Maximizing the Margin between Desirable and Undesirable Elements in a Covering Problem
Sophie Boileau, Andrew Hong, David Liben-Nowell, Alistair Pattison, Anna N. Rafferty, Charlie Roslansky
TL;DR
This paper introduces the Target Approximation Problem (TAP), a margin-based covering framework that balances rewarding desirable elements against penalizing undesirable ones. It establishes TAP is NP-hard in general and hard to approximate, then identifies tractable regimes under restricted weight or restricted occurrence, including exact polynomial-time algorithms for 1-weight or 1-occurrence cases. It further derives a tight 0.5-approximation for 2-weight TAP via a reduction to one-red TAP and connects TAP to classical problems like Red-Blue Set Cover, Set Cover, and MAX-k-SAT through various reductions. The results map the boundary between tractable and intractable instances, highlight structural reductions to vertex cover on special graphs, and open questions about intermediate parameter regimes and potential improvements via alternative algorithms or SDP approaches.
Abstract
In many covering settings, it is natural to consider the presence both of elements that we seek to include and of elements that we seek to avoid.
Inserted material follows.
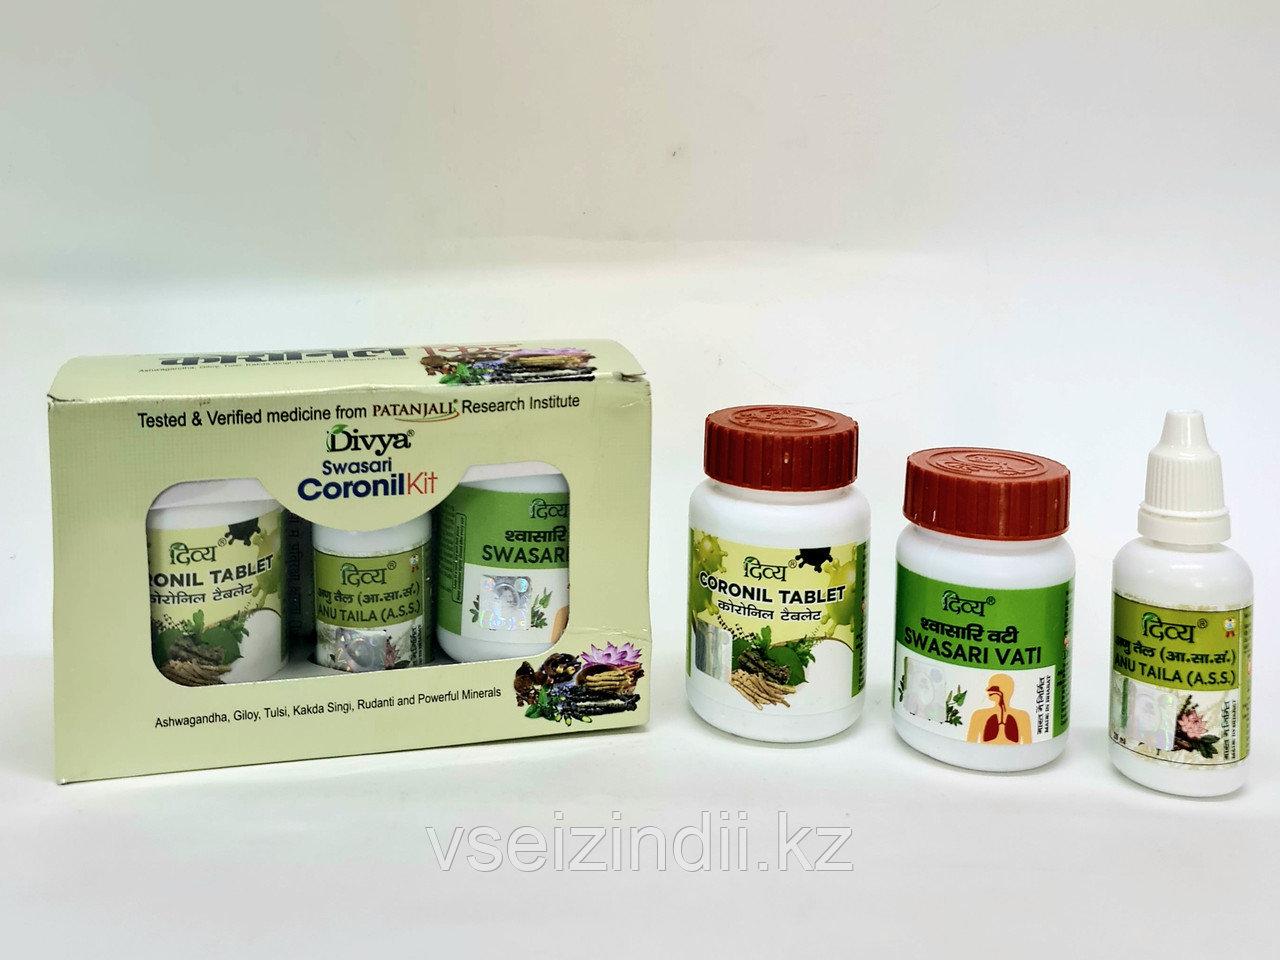 Коронил СoronilKit Patanjali, вирусные инфекции, коронавирус COVID-19

This paper introduces a novel combinatorial problem formalizing this tradeoff: from a collection of sets containing both "desirable" and "undesirable" items, pick the subcollection that maximizes the margin between the number of desirable and undesirable elements covered. We call this the Target Approximation Problem (TAP) and argue that many real-world scenarios are naturally modeled via this objective. We first show that TAP is hard, even when restricted to cases where the given sets are small or where elements appear in only a small number of sets. In a large swath of these cases, we show that TAP is hard even to approximate. We then exhibit exact polynomial-time algorithms for other restricted cases and provide an efficient 0.5-approximation for the case where elements occur at most twice, derived through a tight connection to the greedy algorithm for Unweighted Set Cover.